小泉秀樹先生ロングインタビューもくじ
■「出口」を考えるとき
■「3丁目カフェ」がうまく回るとしたら・・・
■たまプラなら,住民主導でコラボレーションが生まれるのではないか
■これから行政の役割は後方支援型に変わる
■なぜ研究者がかかわるのか
■自治会や商店街と,信頼にもとづいた本当の協働関係が築けるか
■高3の時,理系なのに倫理が大好きになって・・・
■都市計画との出合い
■動物が大好き。ワニから猿まで飼っていました
■「出口」を考えるとき
全体的な評価を言うと,このプロジェクトで皆さんがやられている活動というのは,すごく成果が出ていると思っています。短期間の中でかなり具体的な成果が出ていると思います。
成果っていうのは何か結果が出ていることだけではなくて,いろいろトライされているとか,具体的なアクションに踏み出せている団体がほとんどなので,そういう意味で成果が上がっているというふうに評価しているんですよね。
支援という面で言うと,一つは日常的に皆さんが結びついたり,ちょっとした悩み事を相談し合うような居場所があればいいなって思っているんですね。インフォーマルなコミュニケーションの中でこそ,ほんとのコラボレーションのタネが生まれてくるものなので。
そういう意味で,みんながふらっと立ち寄って誰かに会えるような場所が必要だと最初から思っていました。そういうのがあると活動に苦しんでいる団体さんが,少し具体的なアクションを,じゃあこの人たちとやってみようかっていうようなことが始まったり,それからこことここが実はあまり接点がなかったかもしれないけど,一緒にやると面白い効果が出るようなことが生まれてきたり,そういうことが生まれやすくなるような環境ができるのになと思っているんです。

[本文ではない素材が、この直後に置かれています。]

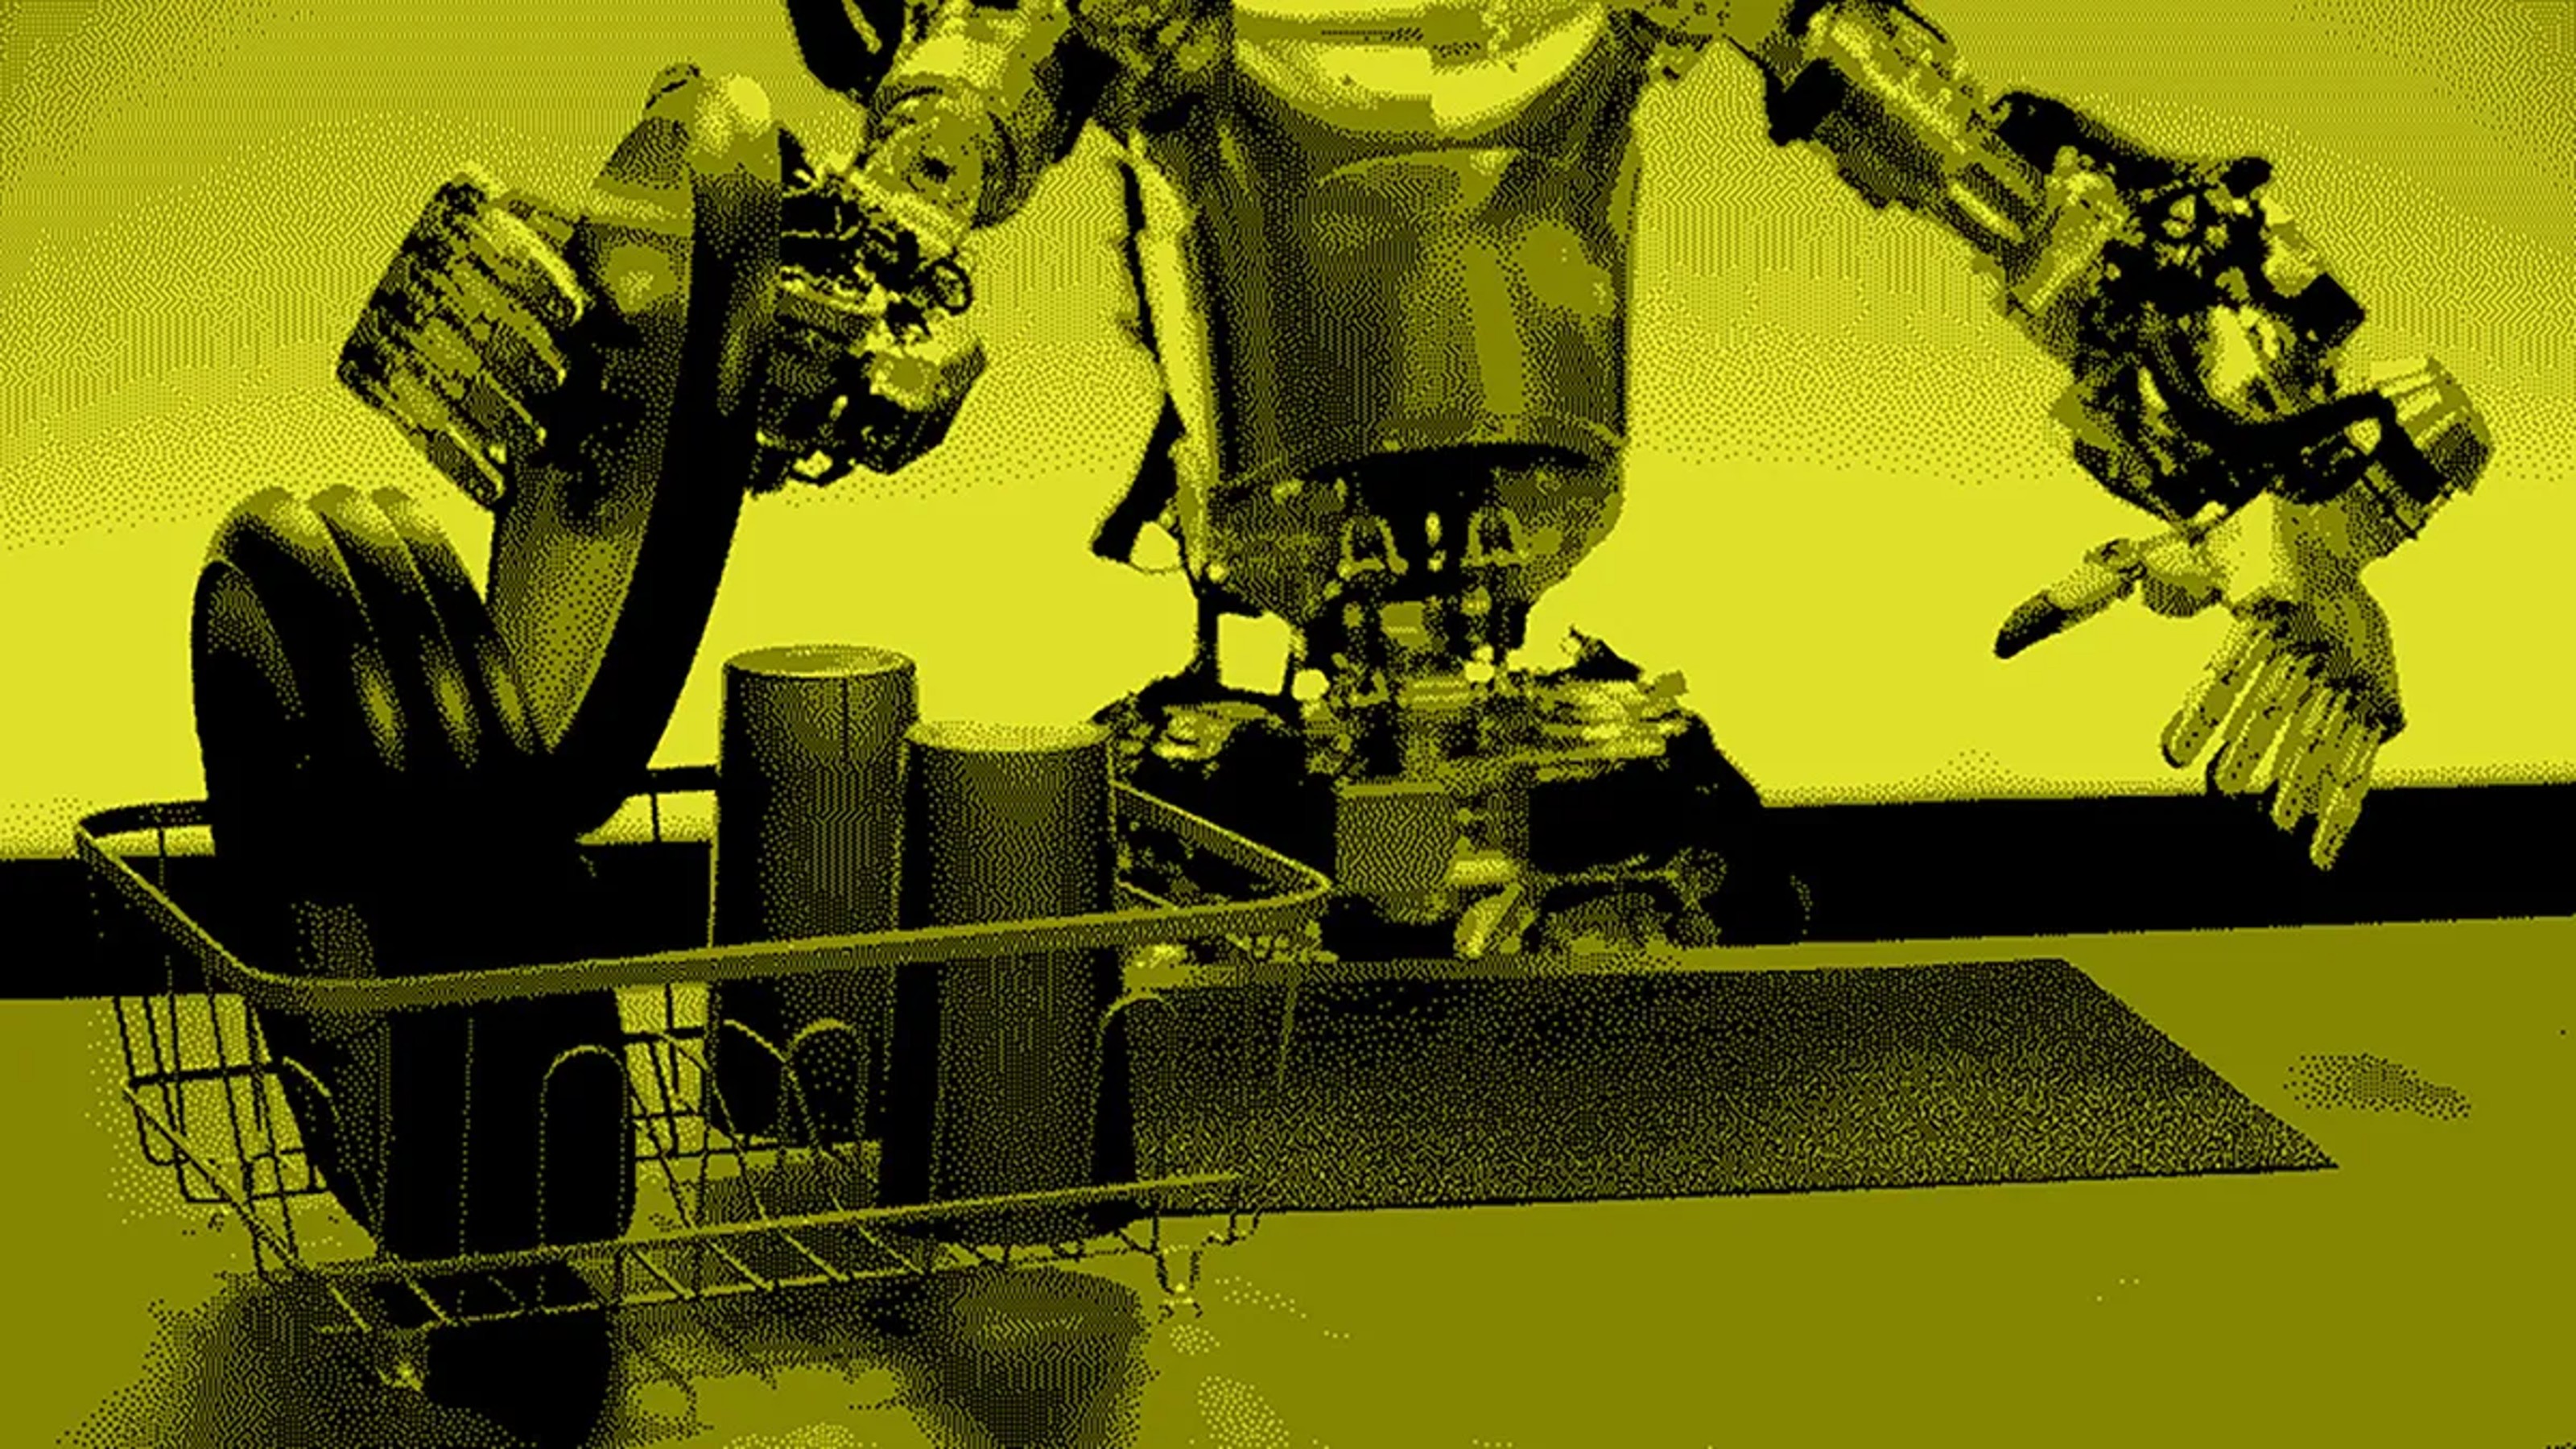 Two robotic arms sorting cans into a wire basket on a yellow background.

ただ全体としてみると,実際には団体間の結びつきが相当強くなっているし,それから相互に支援するような,他の団体の人が助けて参加したり盛り上げたり,というようなことがよく起きていて,そういう意味でも非常にうまくいっている,という評価なんです。
もう一つは「出口」のところをどうするのか,ということを考えなくてはいけない。
9月で一応支援の期間というものが制度上は終わります。もちろんそのあともさまざまな形で継続的に我々もサポートすることになっているんですが,それにしても一応そこで団体さんとしてもひと区切りで,そのあとの活動をどう自分たちで展開していくのか,方向性を見出さないといけないんですね。
9月までに,今後,今までの支援とは違うかたちの支援の中で,皆さんが自立的にどうプロジェクトを展開できるのかということを見据えたり,そのためにはどういうリソースや最低限の支援が必要なのか,我々に代わる行政との協働や企業とのコーディネーションをどう作れるのか,という「出口」のところを考えなければいけない,ということです。
皆さんが今何をめざしていて,どこまで到達しようとしているのか,そのために何がほんとに足りないのか,どういうところで困っているのか,というところは,もし機会があればインフォーマルな場で,少し細かく話をお聞きしたいなと思っています。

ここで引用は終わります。